Сияние потухших звезд - Баранов Кирилл


1

Где-то около полудня в комнату бывшего визиониста Ардьяла Цина Сюнзи явился некто или даже нечто и предложил ему стать убийцей. Странный тип высотой в полтора человека торчал в коридоре в бело-синем комбинезоне и маске, похожей на тактический шлем. Он не шевелился и словно бы и не дышал.

В коридоре не пахло, а где-то в стороне и ниже по лестнице кричали дети.

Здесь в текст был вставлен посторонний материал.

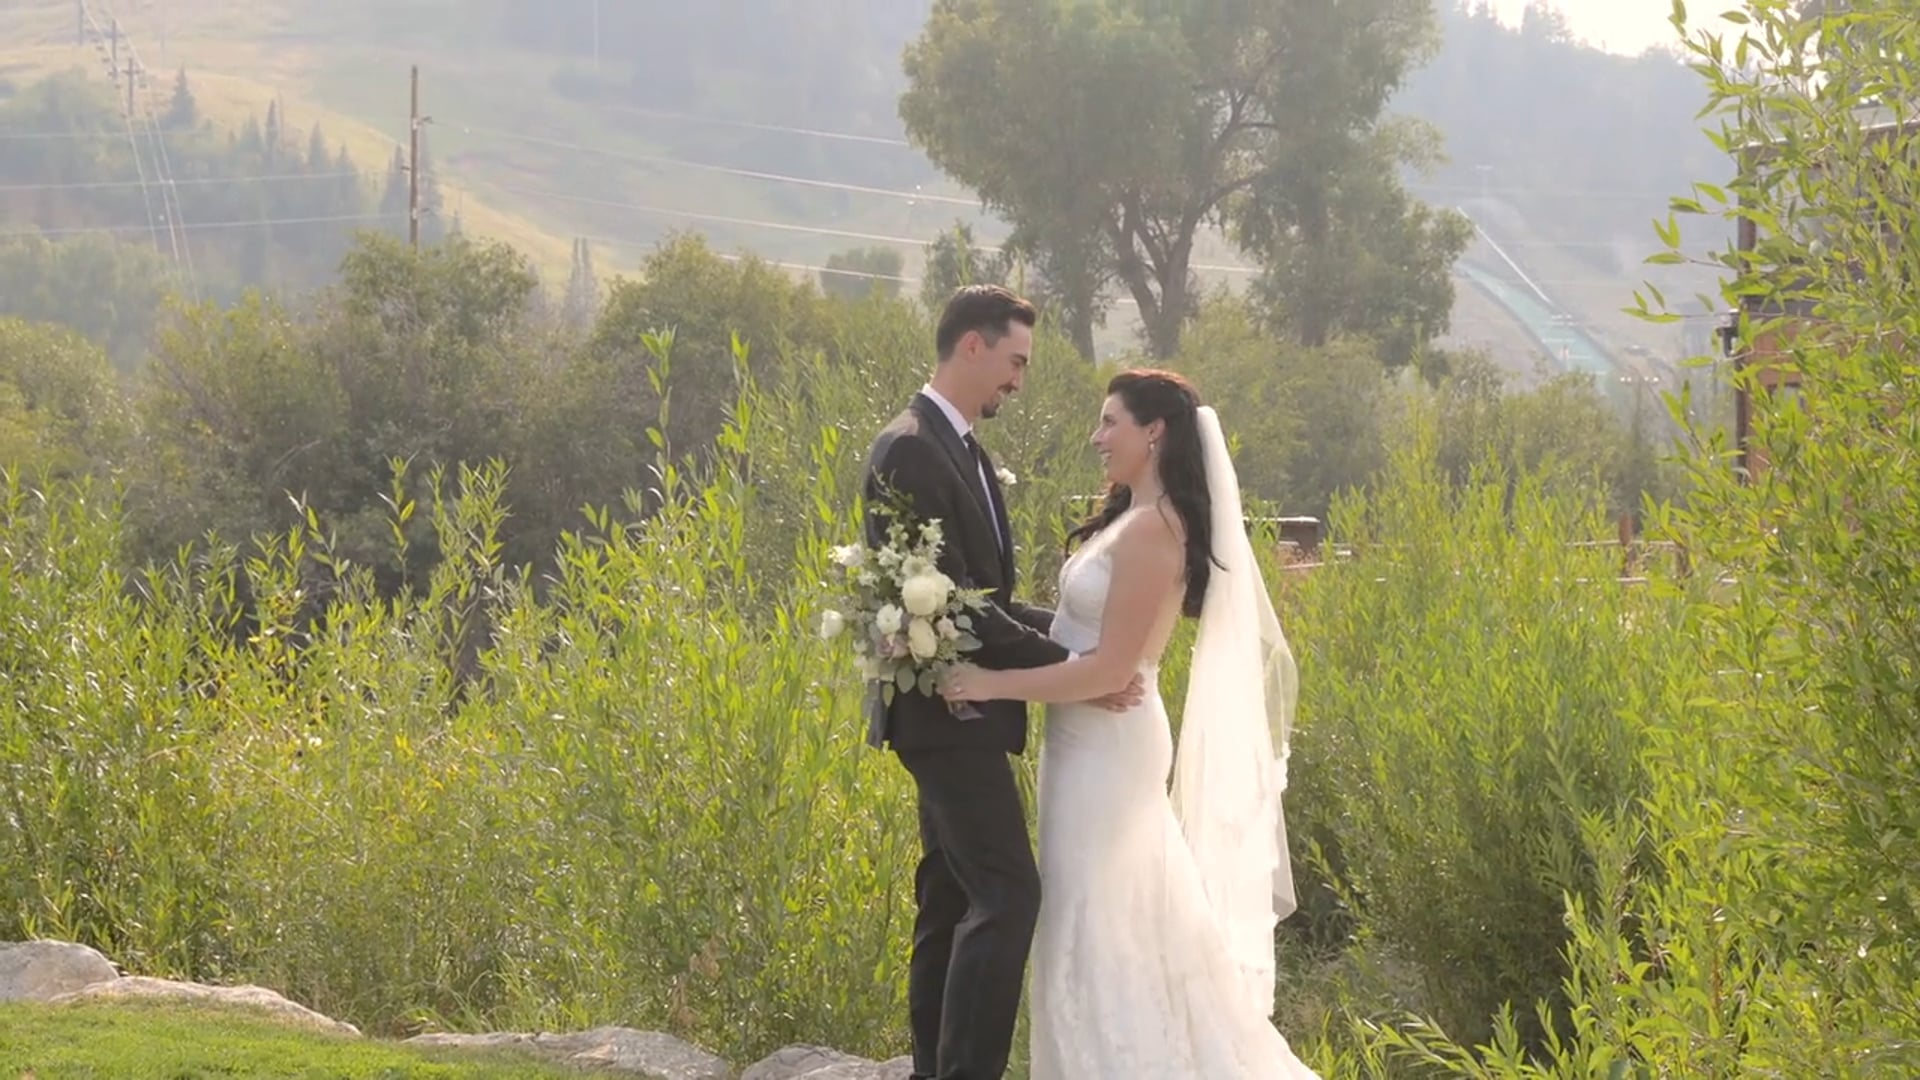 Kaitlin & Kyle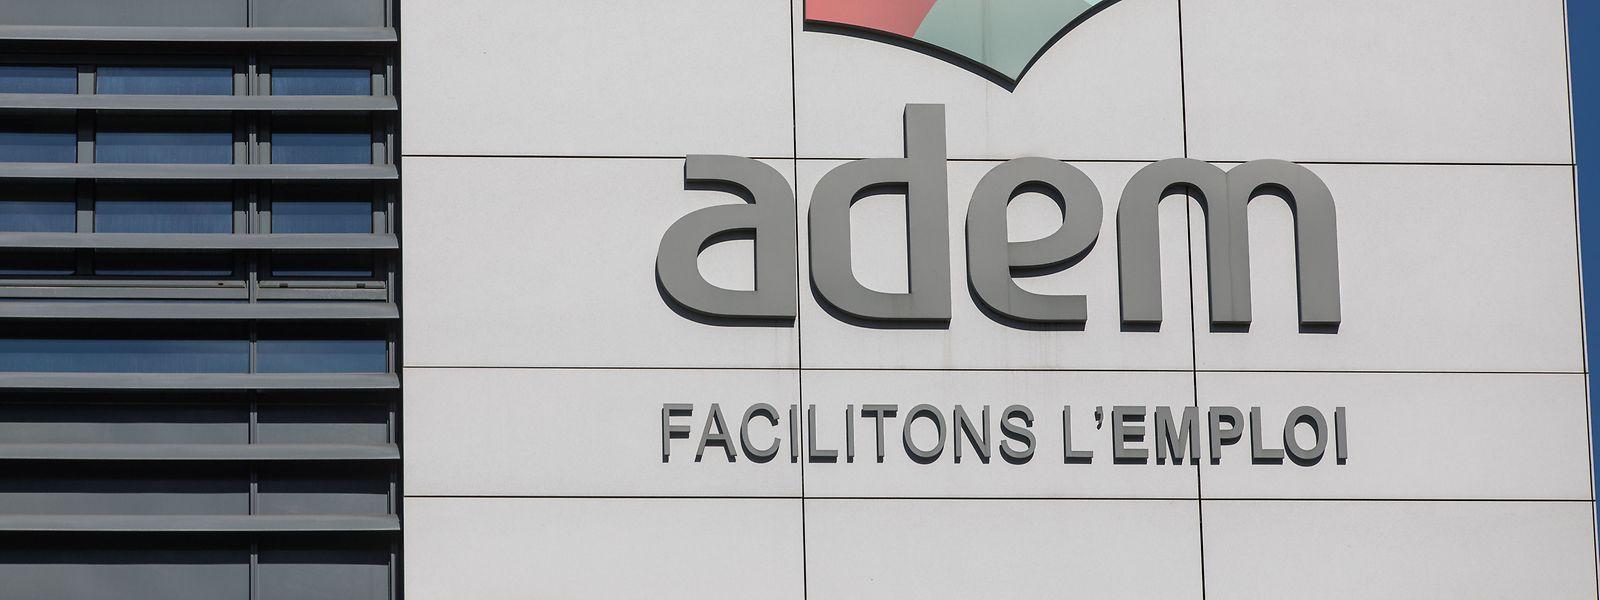 Der ADEM werden seit der Corona-Krise weniger freie Stellen gemeldet.

Открыв дверь Цин пожалел об этом тотчас – в комбинезоне гостя он разглядел черты формы коммунальщиков. Последний раз безработный визионист оплачивал комнату месяца три, а то и четыре назад, и все ждал тех, что придут его вышвыривать. Впрочем, а почему коммунальщики? – подумал Цин. Скорее должны заявиться люди из банка, сперва улыбчивые, в чистеньких костюмчиках, с пластмассовыми физиономиями и вросшими косметическими имплантами, а потом уже сотрудники попроще – амбалы с молотками и пистолетами. Этот, впрочем, тоже не карлик – чтоб заглянуть в лицо гостю Цину пришлось задирать голову так, будто он на звезды смотрел. Но, вопреки ожиданиям, Цин увидел лишь физиономию свою собственную – шлем-маска пришельца тускло отражала мир, скрывая зеркалом, что внутри.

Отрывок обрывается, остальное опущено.